541-553: Consider extracting available metadata from file_search_call results.

The result object contains score (as seen in parse_rag_chunks_from_responses_api at line 487) and attributes dict. This data could populate the new ReferencedDocument fields instead of hardcoding None:

  • score is available on result.score
  • attributes may contain product_name, product_version, etc.
♻️ Proposed enhancement to extract metadata
                 if filename or doc_url:
                     final_url = doc_url if doc_url else None
                     if (final_url, filename) not in seen_docs:
+                        # Extract score if available
+                        result_score = (
+                            result.get("score") if isinstance(result, dict)
+                            else getattr(result, "score", None)
+                        )
                         documents.append(
                             ReferencedDocument(
                                 doc_url=final_url,
                                 doc_title=filename,
-                                document_id=None,
-                                product_name=None,
-                                product_version=None,
-                                source_path=None,
-                                score=None,
-                                chunk_metadata=None,
+                                document_id=attributes.get("document_id"),
+                                product_name=attributes.get("product_name"),
+                                product_version=attributes.get("product_version"),
+                                source_path=attributes.get("source_path"),
+                                score=result_score,
+                                chunk_metadata={k: v for k, v in attributes.items()
+                                    if k not in {"link", "url", "doc_url", "document_id",
+                                                 "product_name", "product_version", "source_path"}}
+                                    or None,
                             )
                         )
src/utils/endpoints.py (1)

549-570: Consider extracting duplicate excluded_fields set to a module constant.

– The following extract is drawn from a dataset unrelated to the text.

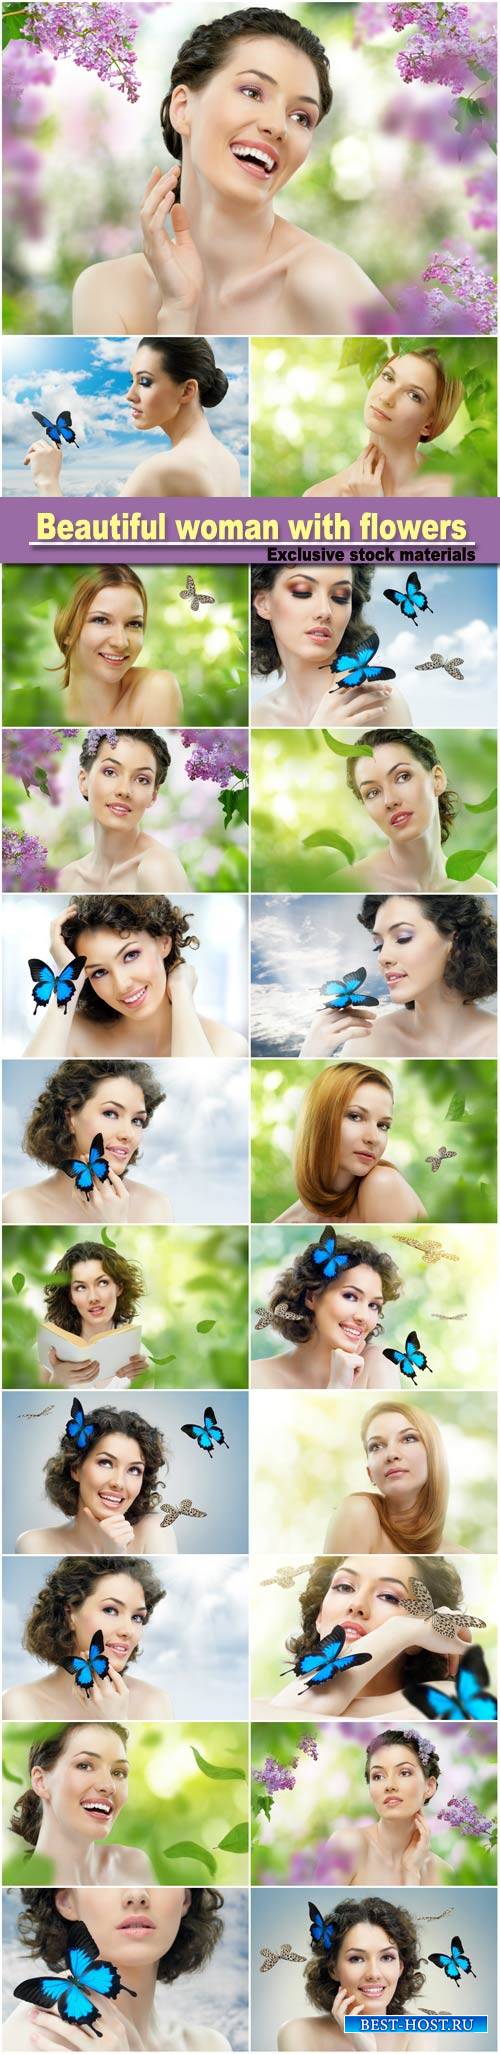 Beautiful woman with flowers and butterflies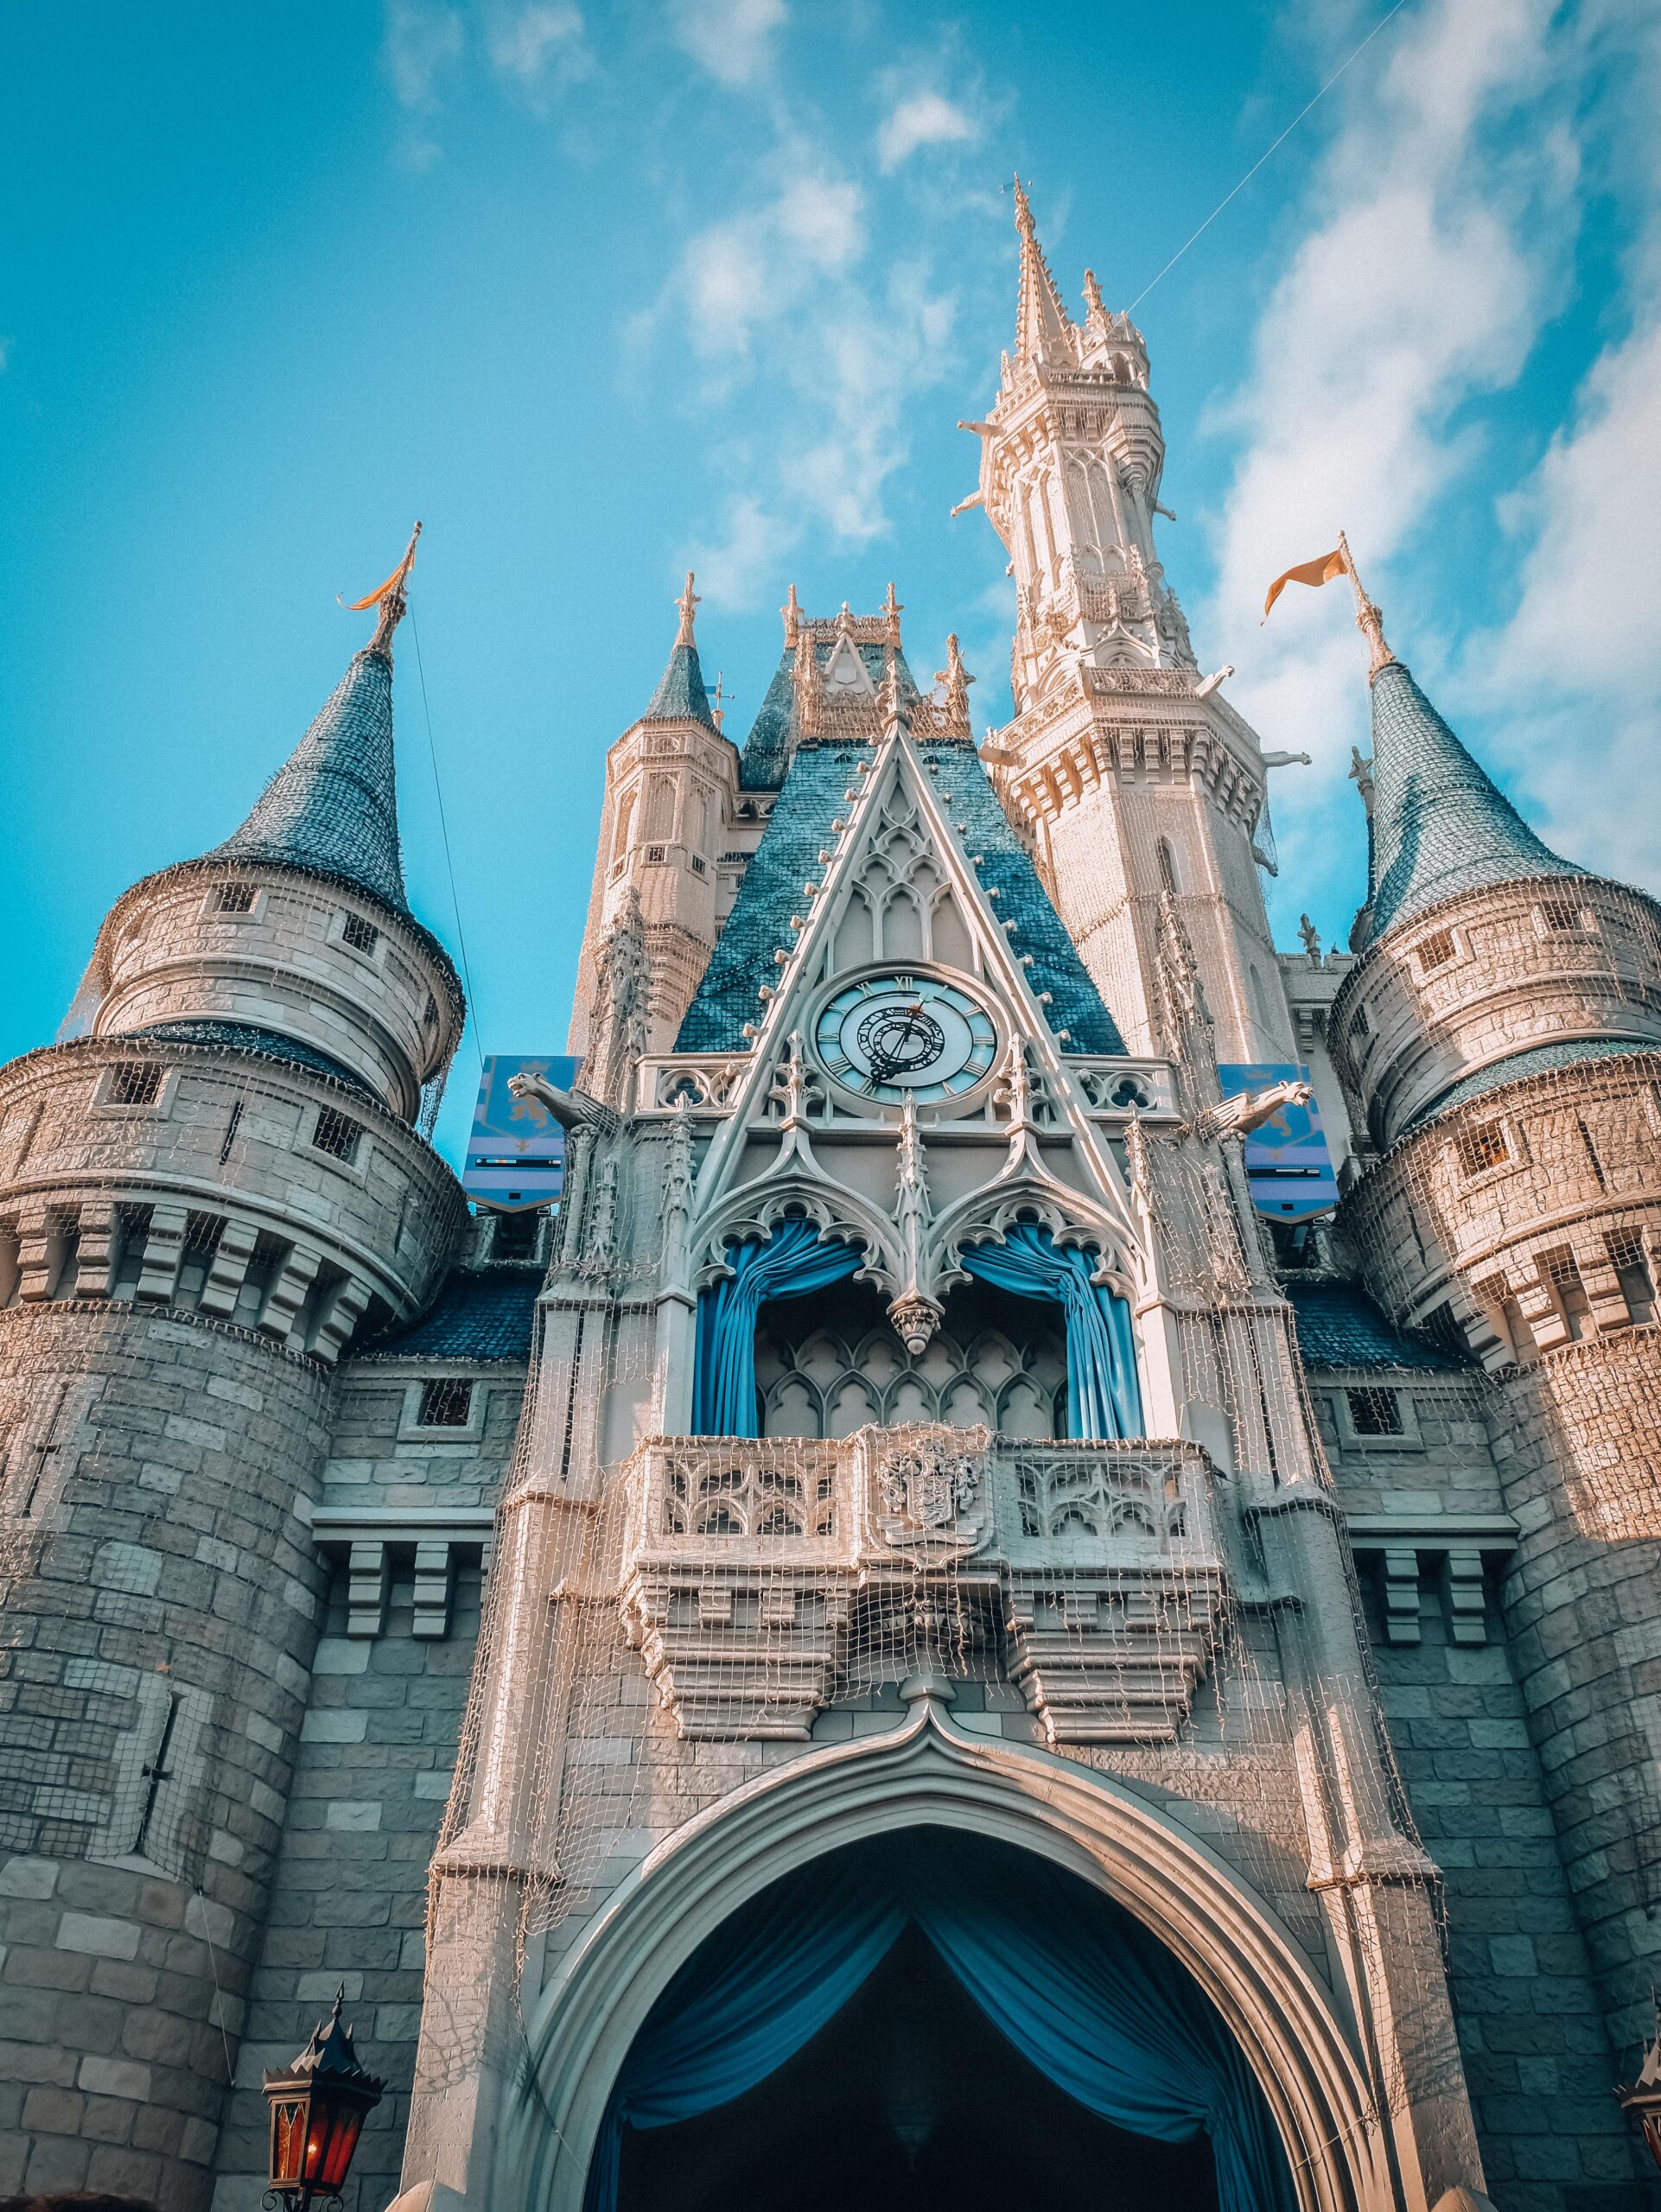 The Magic Kingdom Castle - some Disney Hotels offer a unique view of this.

The same set of excluded field names is defined in both _process_document_id (lines 551-558) and _add_additional_metadata_docs (lines 607-614). Extract to a module-level constant to reduce duplication and ensure consistency.

♻️ Proposed refactor

Add near the top of the file (after imports):

# Fields excluded when building chunk_metadata dict
_METADATA_EXCLUDED_FIELDS = frozenset({
    "docs_url",
    "title",
    "document_id",
    "product_name",
    "product_version",
    "source_path",
    "source",
})

Then replace both inline sets:

-    excluded_fields = {
-        "docs_url",
-        "title",
-        "document_id",
-        "product_name",
-        "product_version",
-        "source_path",
-        "source",
-    }
     additional_metadata = (
-        {k: v for k, v in meta.items() if k not in excluded_fields} if meta else {}
+        {k: v for k, v in meta.items() if k not in _METADATA_EXCLUDED_FIELDS} if meta else {}
     )
tests/unit/cache/test_postgres_cache.py (1)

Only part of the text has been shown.